* YOUR ASSIGNMENT
Give the data below again exactly, and drop each picture from it.

* SUPPLIED DATA
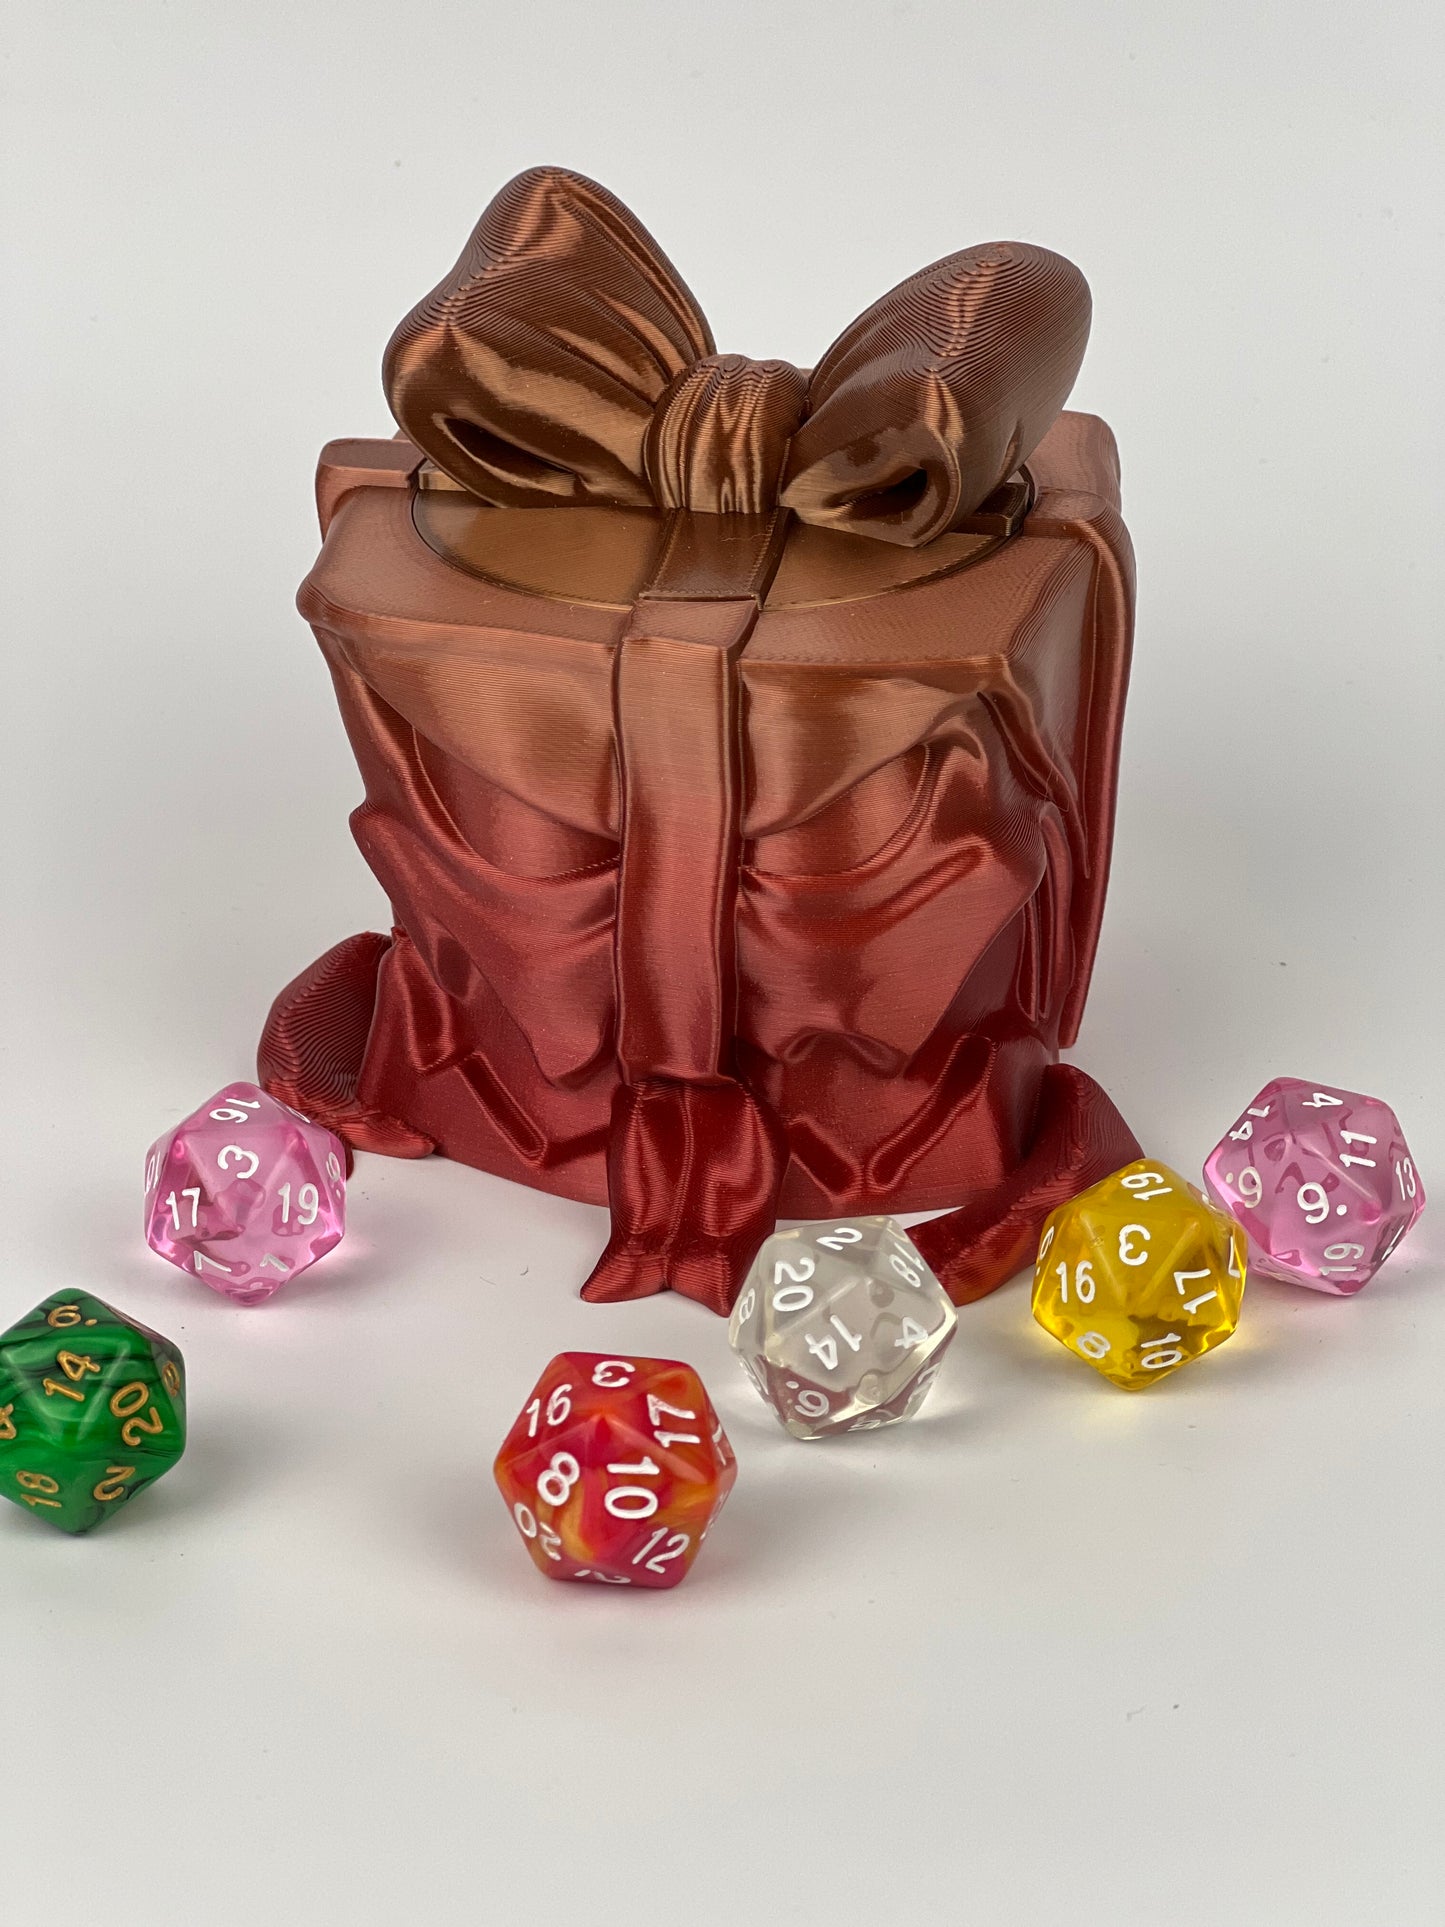 Mimic Gift Mythic Dice Box Limited Edition
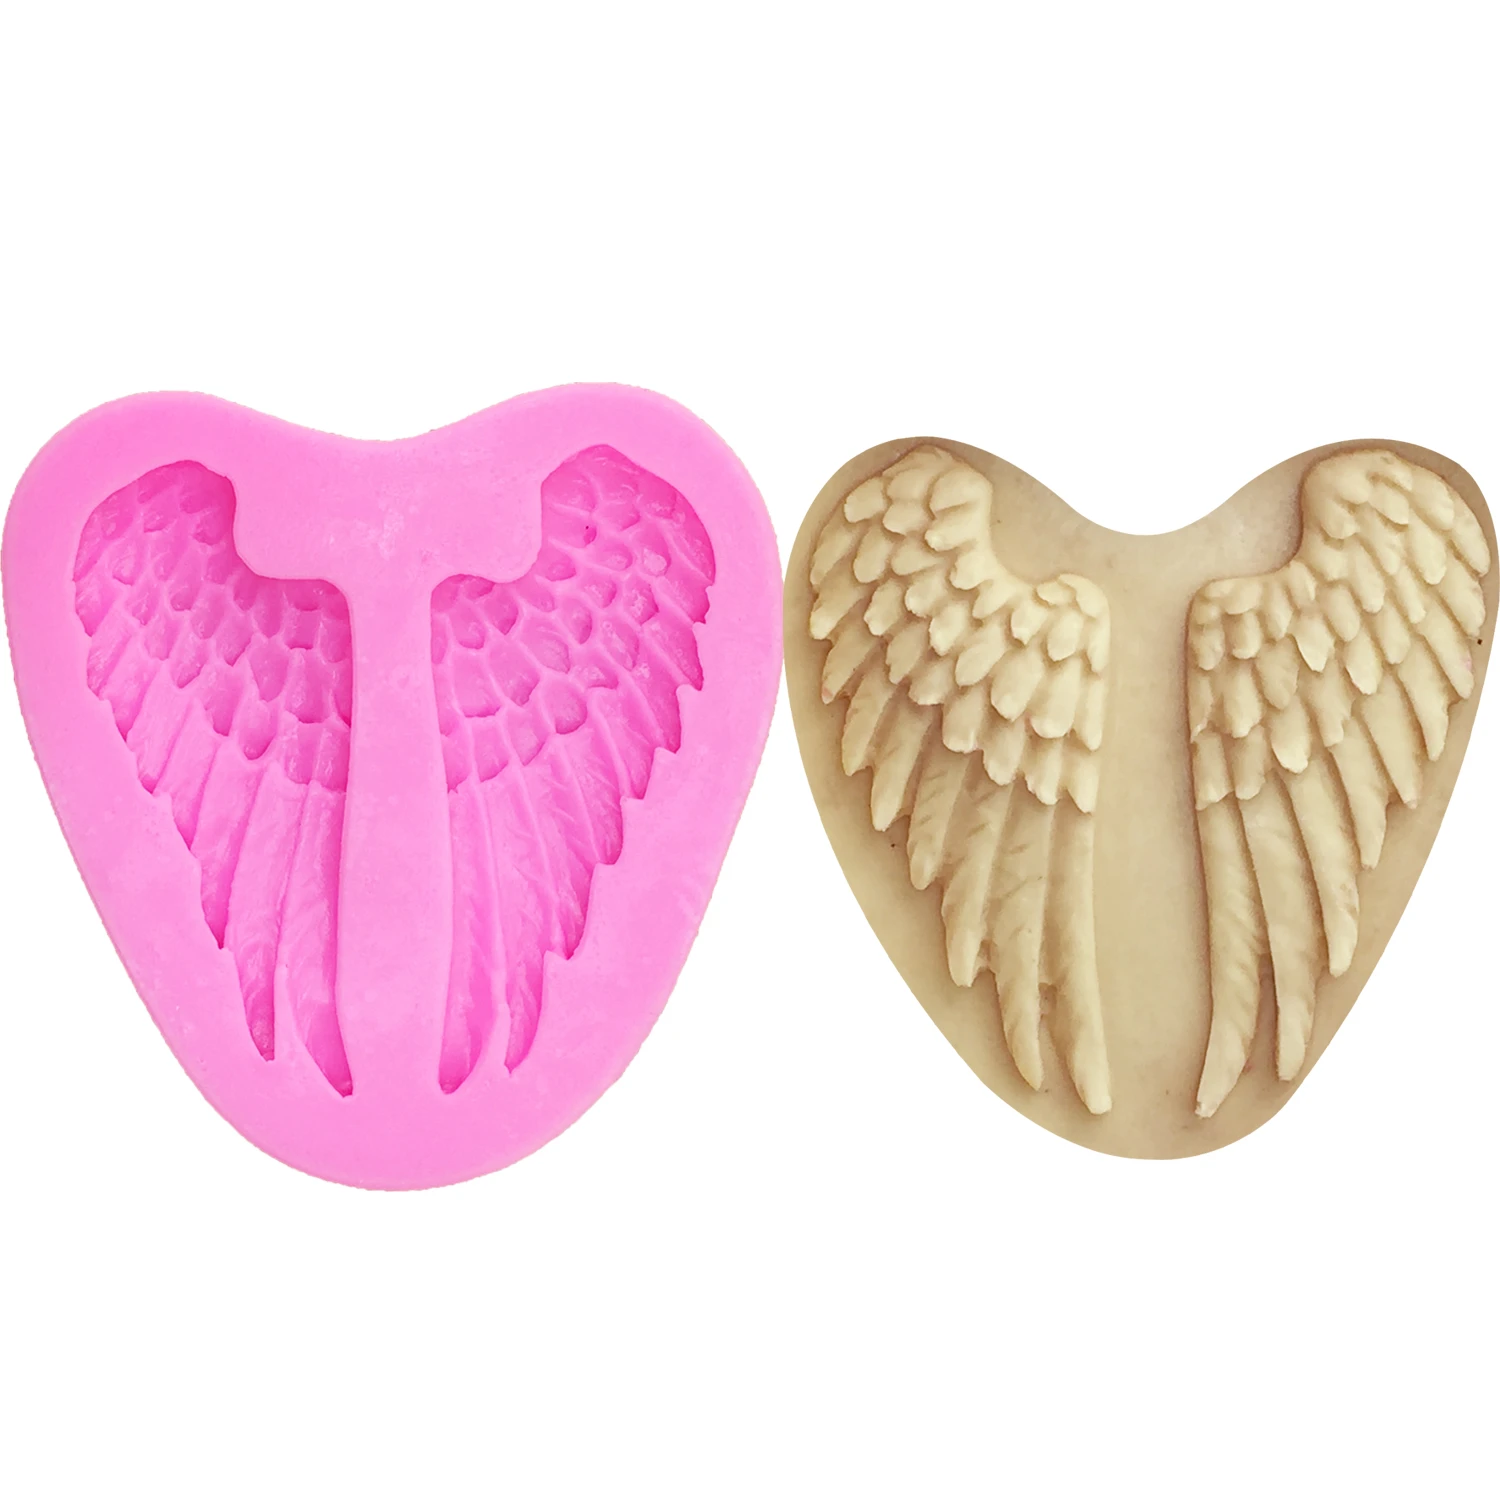 M0227 Angel wings Silicone Mold Fondant Cake Decorating Tools Chocolate Gumpaste Molds, Sugarcraft, Kitchen Accessories
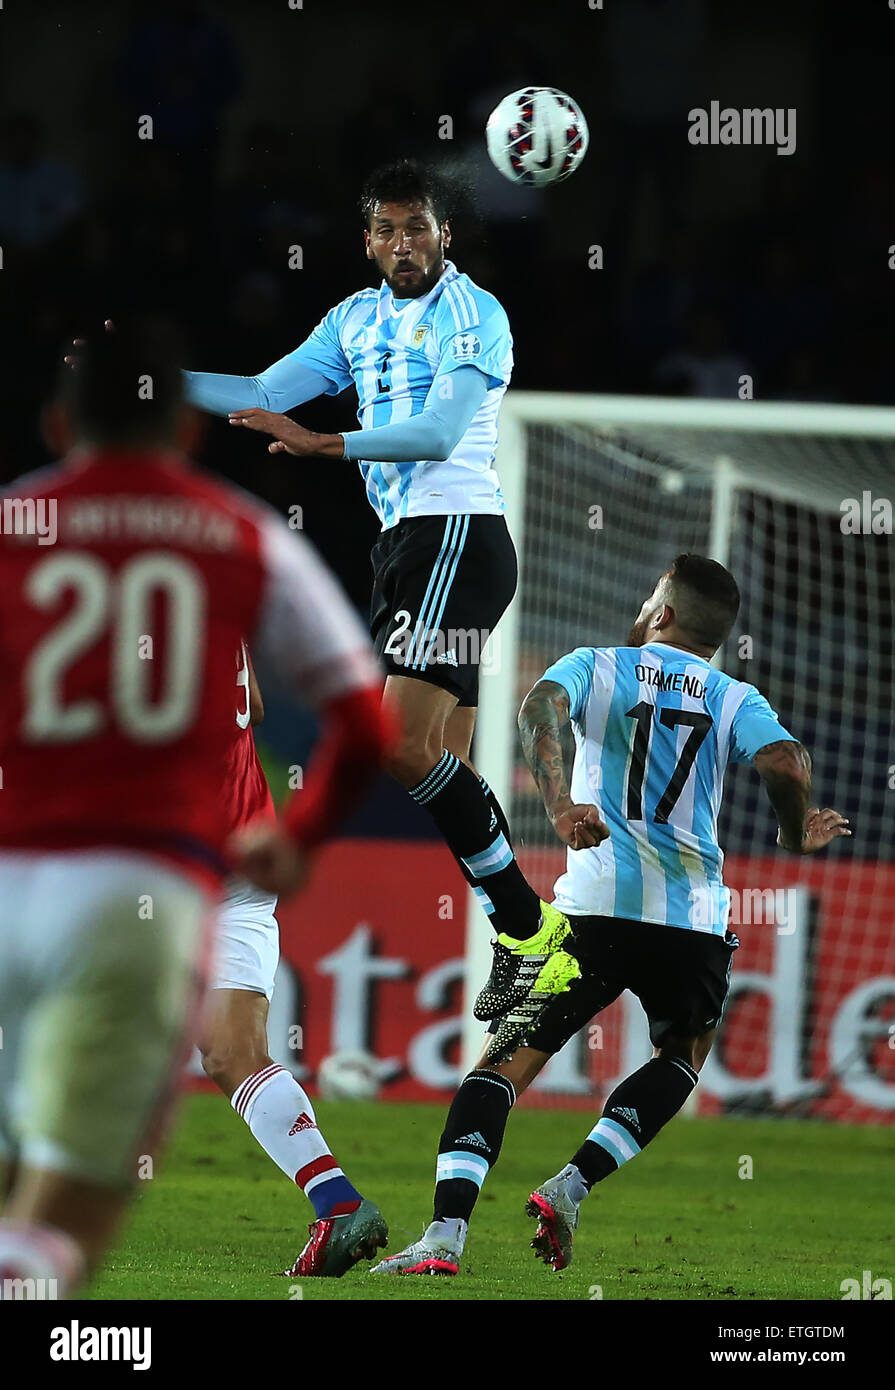 La Serena, Chile. 13th June, 2015. Argentina's Ezequiel Garay (Top) jumps for a head during their Group B match agaisnt Paraguay at Copa America 2015, in La Serena, Chile, on June 13, 2015. The match ended with a 2-2 draw. Credit:  Xu Zijian/Xinhua/Alamy Live News Stock Photo

* RESPONSE TO THE TASK
 Mimic Gift Mythic Dice Box Limited Edition
 M0227 Angel wings Silicone Mold Fondant Cake Decorating Tools Chocolate Gumpaste Molds, Sugarcraft, Kitchen Accessories
 La Serena, Chile. 13th June, 2015. Argentina's Ezequiel Garay (Top) jumps for a head during their Group B match agaisnt Paraguay at Copa America 2015, in La Serena, Chile, on June 13, 2015. The match ended with a 2-2 draw. Credit:  Xu Zijian/Xinhua/Alamy Live News Stock Photo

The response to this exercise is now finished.